CHAPTER IV.
THE SEARCH FOR A CLEW.
Following the lead of Elmer, the tall lanky scout and the wiry Southern boy quickly found themselves at the other end of the mill dam.
Lil Artha had cast his eyes about him as he cautiously made his way along. He seemed to be figuring on what chance there might be for an active chap like Nat Scott slipping on one of the wet and moss-covered stones, to go tumbling down toward that suspicious black pool.
Not so Chatz Maxfield.
Apparently he had made up his mind from the start that this strange vanishing of their comrade must have some connection with the mystery of the old mill.

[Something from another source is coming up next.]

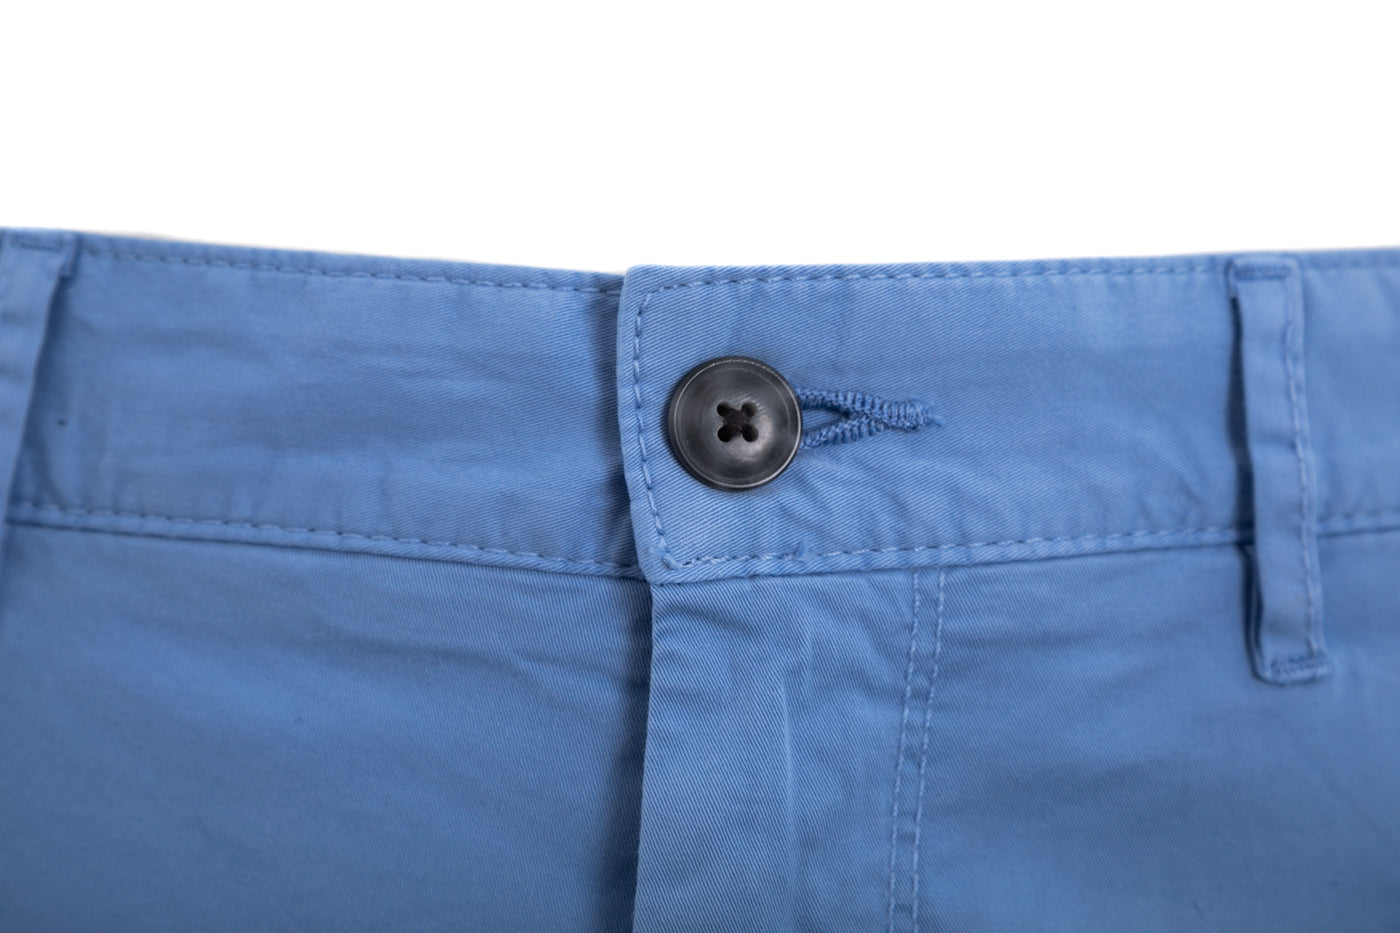 BOSS Schino-Slim-Shorts 2 Short in Open Blue

Did they not admit that three separate times people had tried to live there in the dwelling that was part and parcel of the mill; and on every occasion they had given it up as a bad job?
Why?
Well, it seemed to be understood that none of them could stand the sights and sounds which had come to them while under that roof.
People might scoff at such things all they had a mind to, but surely it seemed as if there must be something in it.
At any rate, everyone of those three families believed the mill house haunted. And for many years now, no one had had the nerve to occupy the place.
And yet it had once been a paying venture, for the main road was only a few hundred yards away from this lonely, forbidding-looking pond, where the frogs grew so large and the red-marked "turkles," as Ty Collins called them, were so saucy.
"Careful here!" warned Elmer, as they arrived at the runway, where in times past the water was turned on when the mill was to be operated.
The boards were rotting and slimy, and if one made a slip he might get a wet jacket in the sluice, where there was more or less running water.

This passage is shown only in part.